1,1,1,2,2,3,3-Heptachloropropane
- Names: Preferred IUPAC name 1,1,1,2,2,3,3-Heptachloropropane

Identifiers
- CAS Number: 594-89-8;
- 3D model (JSmol): Interactive image;
- ChemSpider: 11187;
- ECHA InfoCard: 100.008.962
- EC Number: 209-856-1;
- PubChem CID: 11677;
- UNII: J7BW4GD9PS;
- CompTox Dashboard (EPA): DTXSID50208130 ;

Properties
- Chemical formula: C_{3}HCl_{7}
- Molar mass: 285.21 g/mol
- Melting point: 29 °C (84 °F; 302 K)
- Boiling point: 243.5 °C (470.3 °F; 516.6 K)
- Hazards: GHS labelling:
- Pictograms: GHS07: Exclamation mark
- Signal word: Warning
- Hazard statements: H315, H319, H335, H413
- Precautionary statements: P261, P264, P271, P273, P280, P302+P352, P304+P340, P305+P351+P338, P312, P321, P332+P313, P337+P313, P362, P403+P233, P405, P501

Related compounds
- Related compounds: 1,1,1,2,3,3,3-Heptafluoropropane

= 1,1,1,2,2,3,3-Heptachloropropane =

1,1,1,2,2,3,3-Heptachloropropane is a compound of chlorine, hydrogen, and carbon.

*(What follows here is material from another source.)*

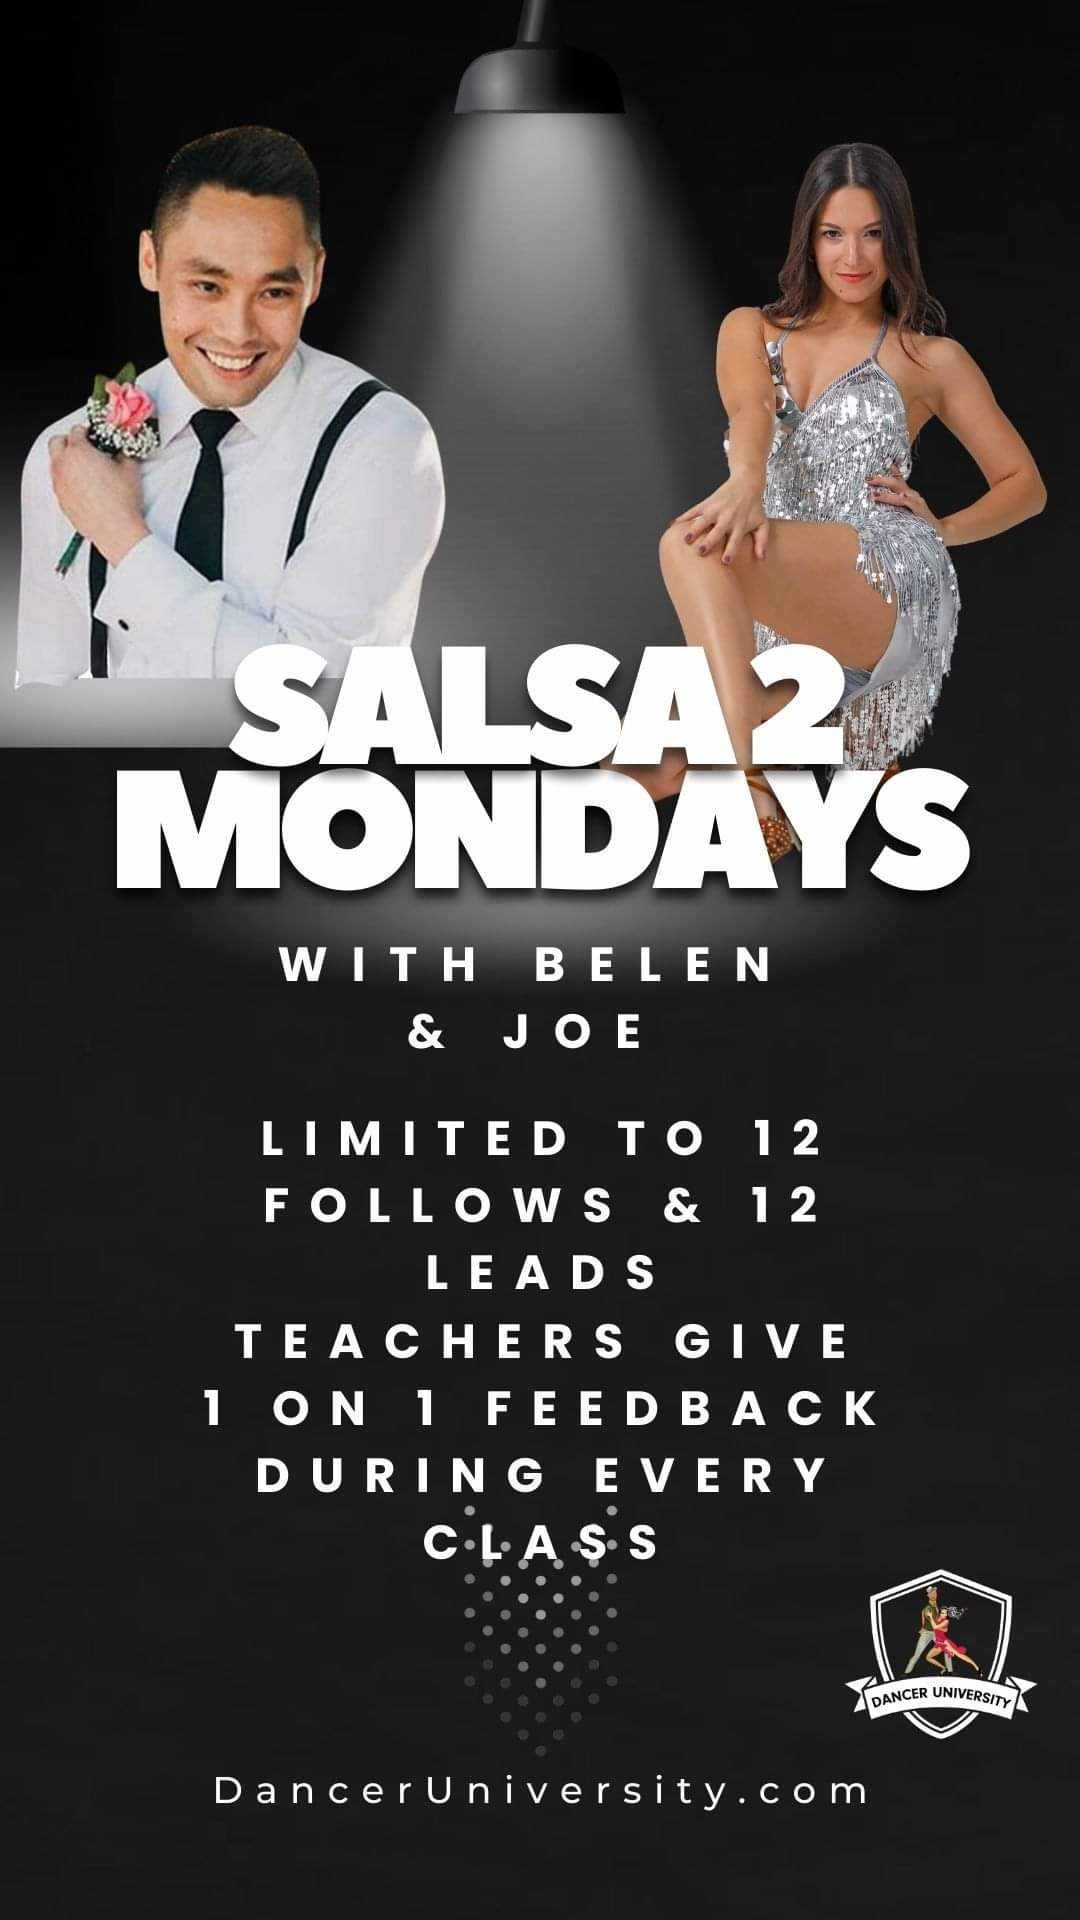 SALSA 2 MONDAYS WITH BELEN & JOE

Its linear formula is C_{2}Cl_{5}CHCl_{2}.

Heptachloropropane is made in a modified Friedel-Crafts or Prins reaction from chloroform and tetrachloroethylene with catalytic aluminum chloride. Dehydrochlorination with a base gives hexachloropropene.